A Cambridge University museum has reopened to the public following a £1.8m upgrade. The Museum of Archaeology and Anthropology on Downing Street had been closed for 18 months while work to upgrade the building was carried out.
Curator Mark Elliott said it was a "radical transformation" and contained "everything, everywhere, ever".
The museum holds about one million items from around the world, as well as many telling the history of Cambridge.
Artefacts on show range from the oldest - a 1.8 million-year-old chopping tool from Tanzania, to the newest - a Perspex sculpture created by a Maori artist and completed earlier this month, in time for the reopening.
'Gnawed ankle'
The rarest object in the collection is a Sufi Muslim snakes and ladders board, one of only four known examples and the only one made of wood (the others are made of parchment or paper).
One of the new exhibitions contains artefacts exploring how death and burial have been treated by different cultures through the ages.

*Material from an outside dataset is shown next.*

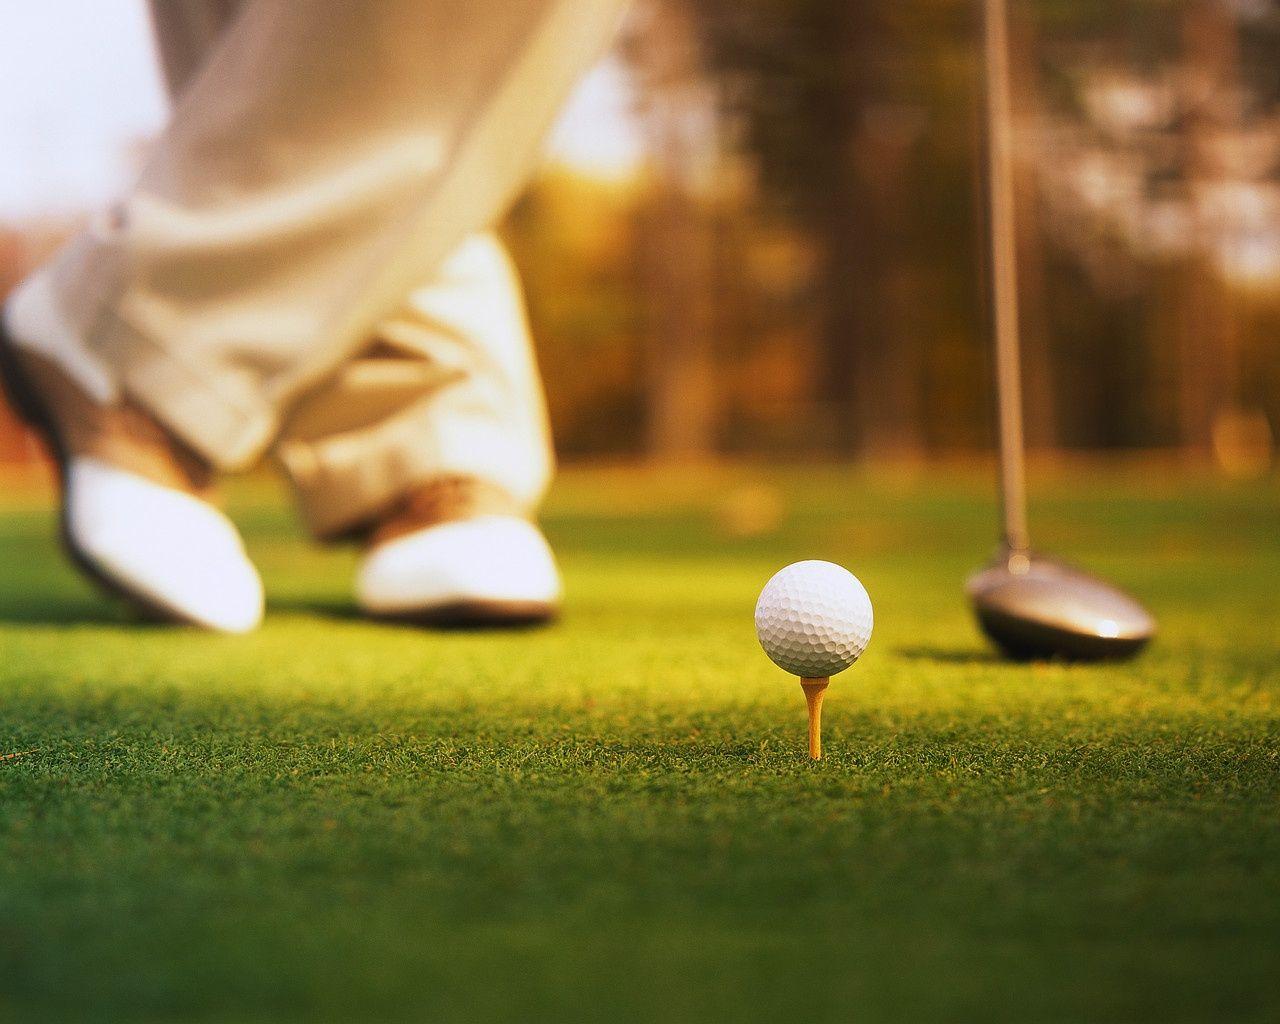 Golfer stands next to a golf club and a ball resting on a golf tee.

It includes the "Arbury coffin", containing the skeleton of a Roman woman aged 40 to 55, encased in lead and stone.
The coffin was found by builders working on a new housing estate in Arbury, north Cambridge, in the 1950s.

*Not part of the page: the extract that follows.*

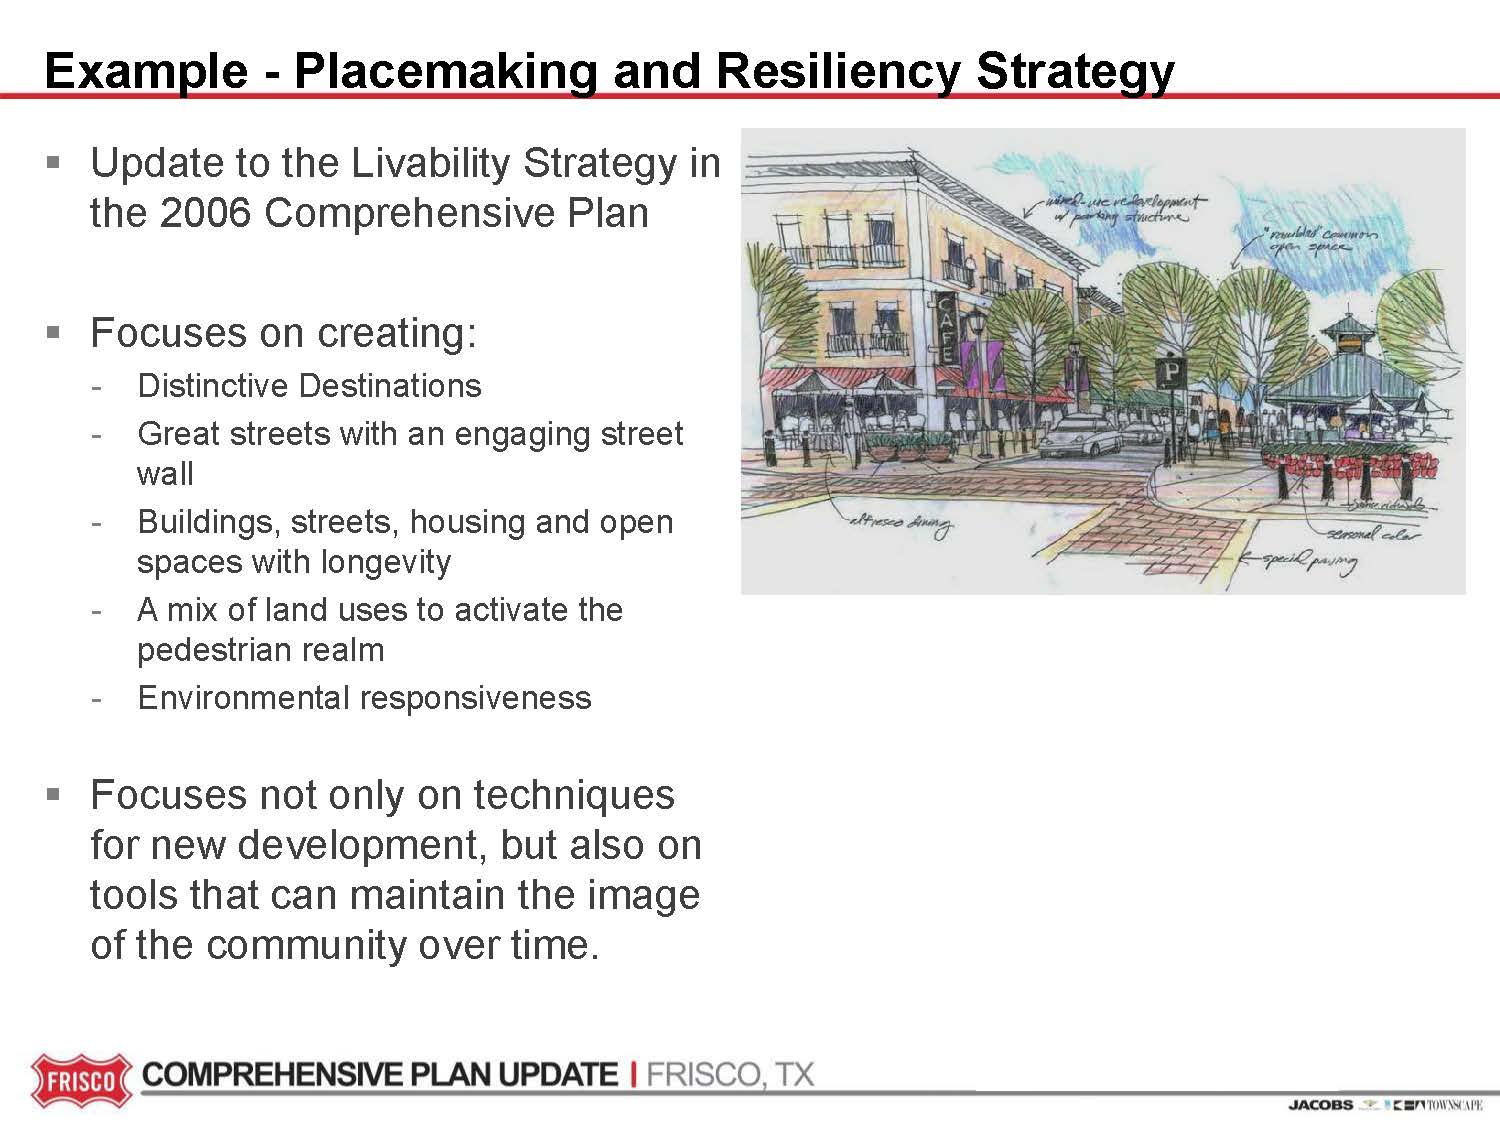 Review the draft 2015 Comprehensive Plan

As well as the body, the coffin contained the skeletons of a mouse and a shrew. The woman's ankle bone had been gnawed by the mouse.
The coffin was on display in the museum at the time Sylvia Plath was a student at the university in the mid-50s, and is believed to have been the inspiration for her poem All the Dead Dears.
During the museum's closure, the ground floor was entirely refurbished and a new public entrance on Downing Street was created.
Previously, visitors had to use a departmental entrance at the rear of the Victorian building.
"This is now the world in Cambridge," Mr Elliott said.
"Every one of the objects tells not just one story, but many stories."
Entrance to the Museum of Archaeology and Anthropology is free.